Broocks: Greatest Social Justice Endeavor is Preaching the Gospel

Of course, all Christians know about the importance of evangelism, and many books have been written to discuss the need for more evangelism and how to go about the work. The Human Right: To Know Jesus Christ and to Make Him Known takes it up a notch.

Author Rice Broocks describes preaching the gospel as the greatest justice issue. Failure to bring the good news to the lost constitutes the greatest injustice. Hearing the gospel as a basic human right gives it the preeminence and urgency it deserves, according to the author.

Broocks is an up and coming apologist and evangelist who is best known for his breakthrough book, God’s Not Dead. His newest book, The Human Right, speaks about the need “to know Jesus Christ and to Make Him Known.” It speaks about the importance of evangelism and why all Christians need to do it.

TOGETHER LA - The Human Right - Rice BroocksIt’s no secret that there is a conflict in modern evangelicalism between social justice and evangelism as the missionary focus of a church. Some are inclined to fixing the brokenness and injustices of the culture while others are inclined to only preaching a message of redemption within the culture. While not discounting the effectiveness and merit of doing charitable deeds for hurting societies, Broocks underscores the centrality of the gospel as the priority of Christian outreach.

Why? Because the gospel is the message that God uses to transform the human heart – which is the seat of all evil and injustice. Using the word, the Lord regenerates a believer, granting him a new heart with new desires. Once this happens, the born again person has the appetite and will to live for the Lord, which leads to a life of righteousness. In other words, the root of the problem is the most important issue to address, which only the gospel can fix.

The author contends that since the gospel is verifiable through philosophical and historical confirmation, it is considered “public truth,” and not just some private opinion or suggestion. Since it is a universal truth, every person on the planet needs to hear about it. They have a right to hear it. Since all people are made in God’s image and are treated with certain graces from God Himself, Christians are called to be the bearer of God’s message of eternal life to the world. The right to hear true testimony should not be denied as much as we cannot deny someone the right to bear property and to worship freely.

That is why preaching the gospel is the greatest social justice endeavor.

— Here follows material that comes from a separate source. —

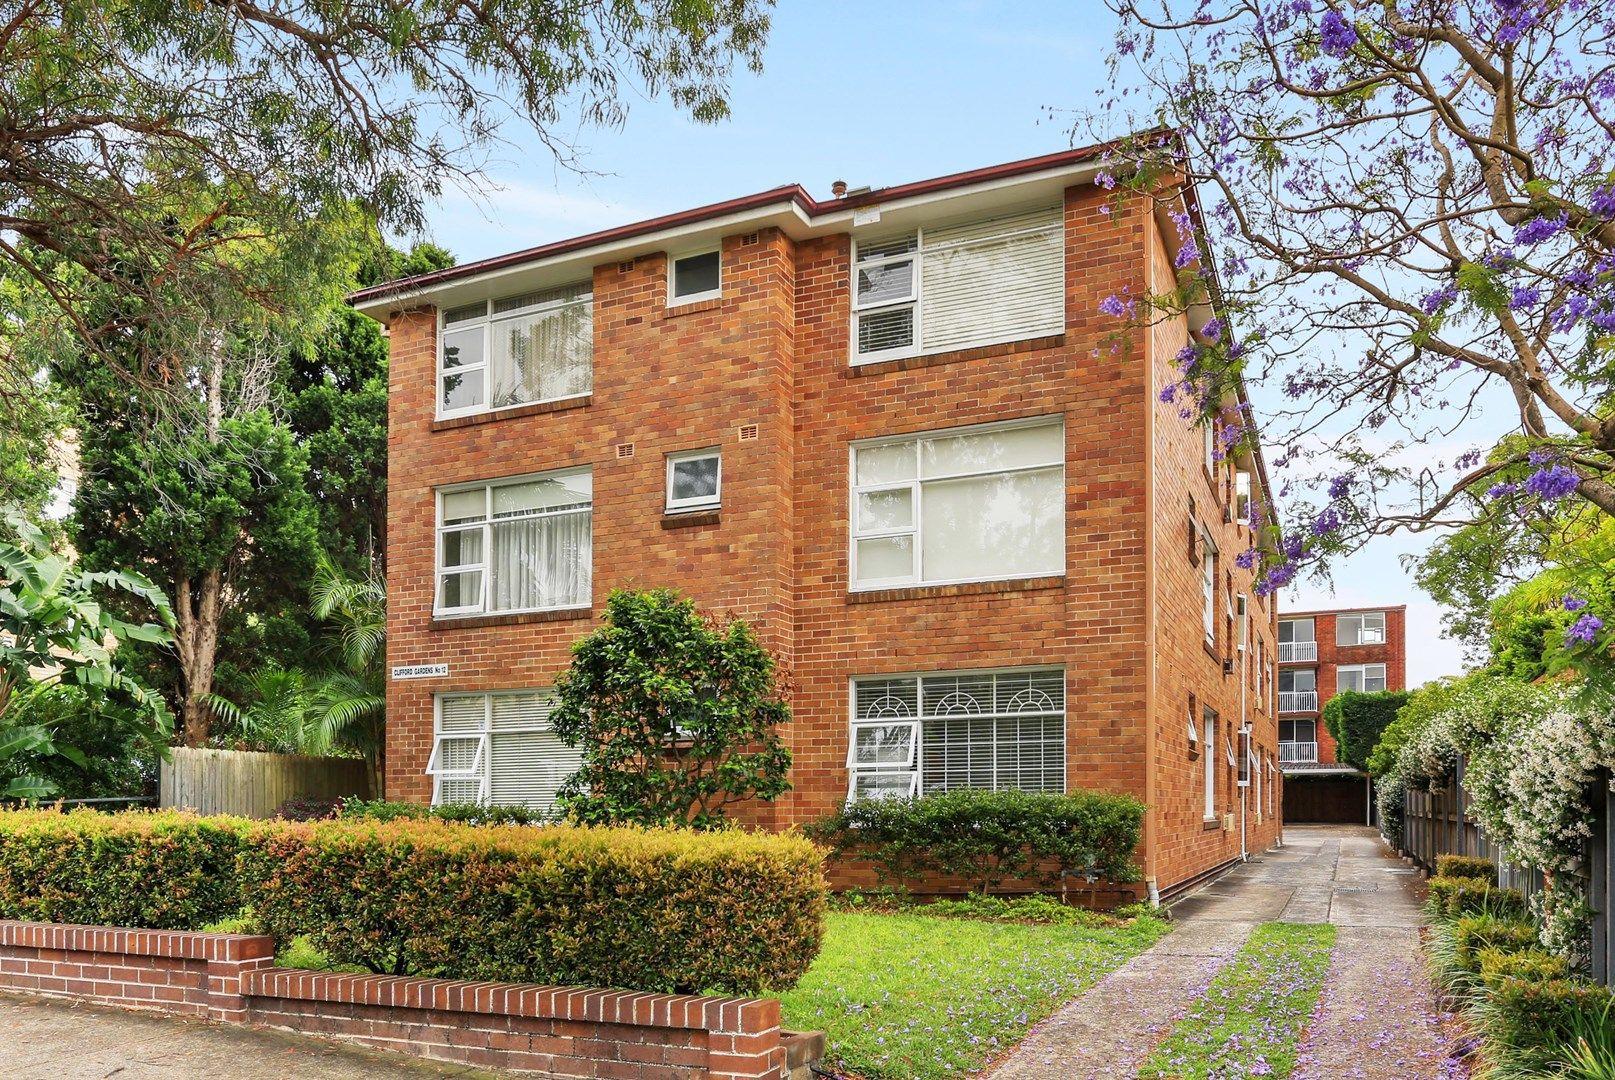 4/12 Clifford Street, Mosman NSW 2088, Image 0
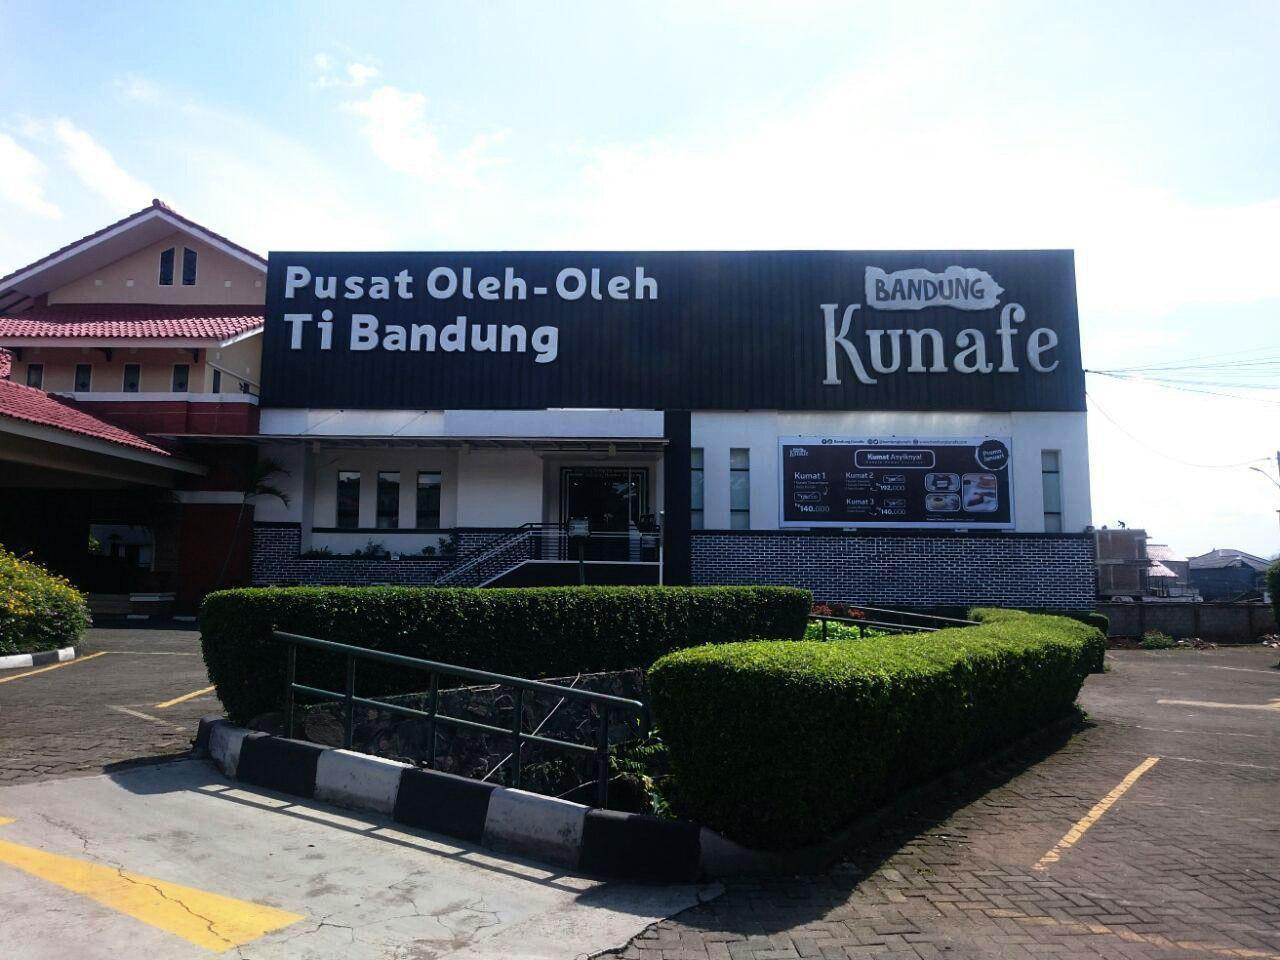 Liburan hemat di Bandung

The book makes a compelling case that highlights the importance of preaching the gospel to unbelievers. Much of Broocks argument depends on whether the gospel is true, which the author does in convincing fashion by contrasting Christianity with secularism, postmodernism, and other world religions. Chapter 5’s discussion of “The Reality of the Soul” is also helpful discussion that describes the reality of life after death and why we are different from other created beings. This bolsters the author’s claims about our capacity, as image bearers, to understand God’s will and to seek for truth. This is why the saving message of the gospel matters to the world.

Of course, one of the disconnects that Christians see in the gospel is its relevance for today, since the gospel deals with afterlife matters. This is one area that Dr. Broocks alludes to at times, but doesn’t quite develop as much. For much of the book, we understand the gospel as the instrument that the Holy Spirit uses to revive dead sinners into God worshippers. But yet, what happens to someone who rejects the gospel in this life? An underdeveloped discussion about postmortem judgment and the eternality of hell somewhat enervates the urgency of Jesus’ salvation message. The urgency of evangelism is made all the more clear if a discussion on hell is there.

Nevertheless, Dr. Broocks makes a compelling case for the transformative effects of the gospel on the human heart that plays out in this life. Addressing source of all injustice is the key to producing a renewed culture where people can love God and love others, which is why the gospel must be the focus of the church’s missionary endeavors. For an apologetics book that establishes God’s word as truth and can inspire a generation of believers to start evangelizing, The Human Right is an admirable book that all Christians should take to heart. It is a great addition to add to your collection of Great Commission books and a great tool to hand out to Christians who need to hear its message.

Steve Cha is the teaching pastor of Grace City LA.